Directional asymmetry
Directional asymmetry is a systematic asymmetry of some parts of the face across the population. A theory of directional asymmetries in the human body is the axial twist hypothesis. As predicted by this theory, the eyes, nose and mouth are, on average, located slightly to the left of the axis through the ears. This aurofacial asymmetry is very small in young adults (0.5 degree), but much larger in small children (4 degrees).

Fluctuating asymmetry

Fluctuating asymmetry is the non-systematic variation of individual facial landmarks with respect to the facial midline, i.e., the line perpendicular to the line through the eyes, which crosses the tip of the nose and the chin.

A wide variety of methods have been used to examine the claim that facial symmetry plays a role in judgments of beauty. Blending of multiple faces to create a composite and face-half mirroring have been among the techniques used.

Conclusions derived from face mirroring, however, have been called into question, because it has been shown that mirroring face-halves creates artificial features. For example, if the nose of an individual is slightly bent to the right side, then mirroring the right side of the face will lead to an over-sized nose, while mirroring the left side will lead to an unnaturally small nose.

Attractiveness
Facial symmetry has been found to increase ratings of attractiveness in human faces. More symmetrical faces are perceived as more attractive in both males and females, although facial symmetry plays a larger role in judgments of attractiveness concerning female faces.

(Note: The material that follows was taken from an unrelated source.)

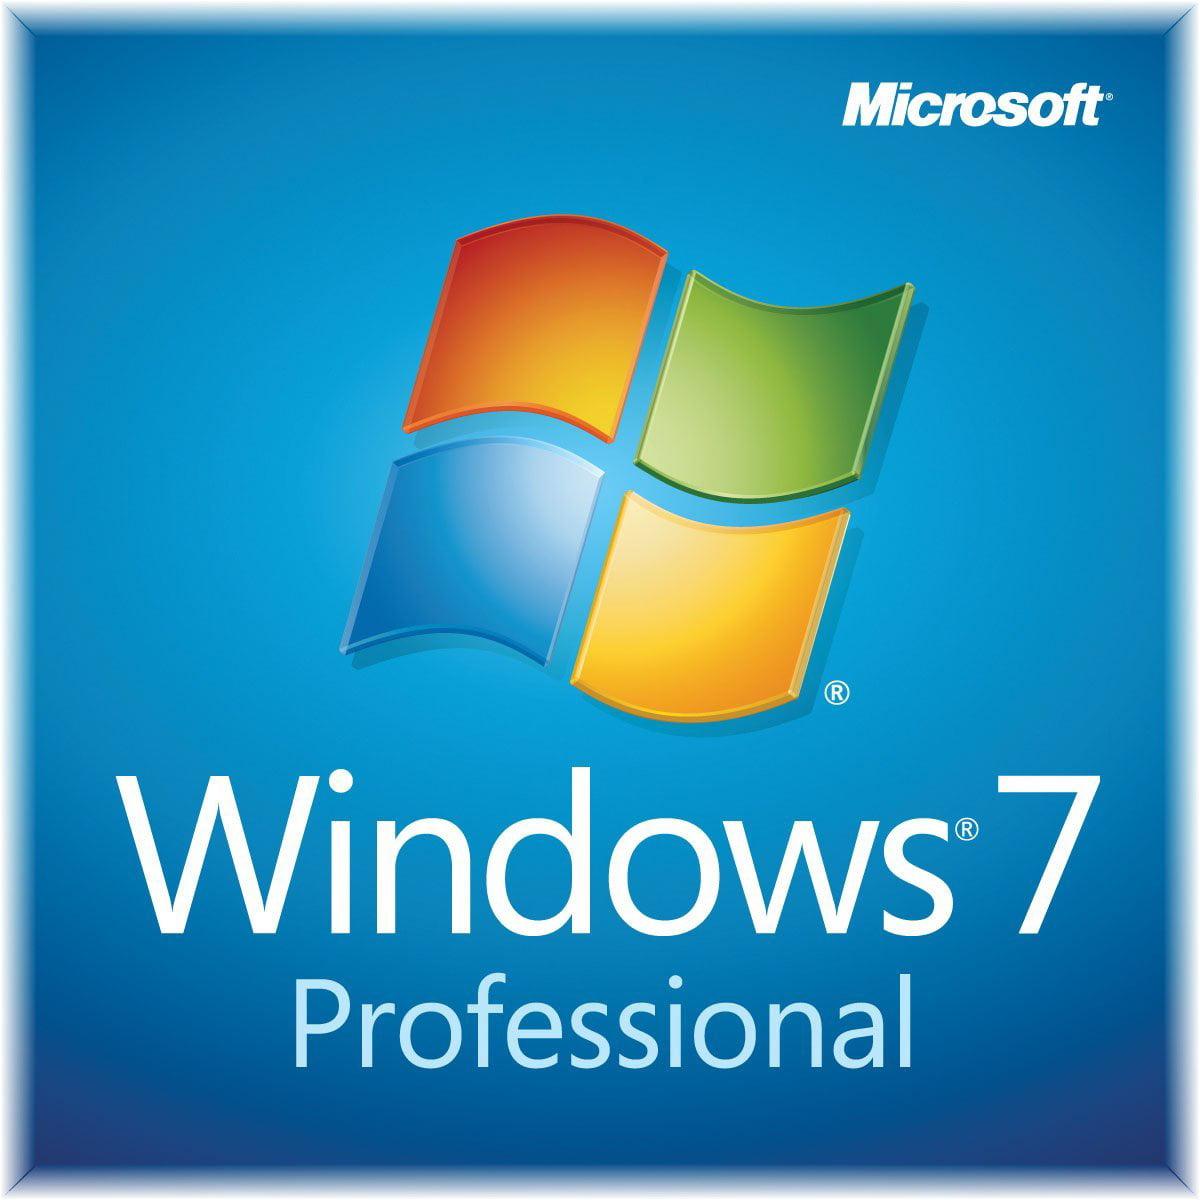 Microsoft windows 7 professional 32/64 bit ( dvd ) buy microsoft.

While studies employing the composite faces produced results that indicate that more symmetrical faces are perceived as more attractive, studies applying the face-half mirroring technique have indicated that humans prefer slight asymmetry. Also, studies have shown that nearly symmetrical faces are considered highly attractive as compared to asymmetrical ones. The symmetry of the nose seems to be more important than that of the lips.

Dynamic asymmetries
Highly conspicuous directional asymmetries can be temporary ones. For example, during speech, most people (76%) tend to express greater amplitude of movement on the right side of their mouth. This is most likely caused by the uneven strengths of contralateral neural connections between the left hemisphere of the brain (linguistic localization) and the right side of the face.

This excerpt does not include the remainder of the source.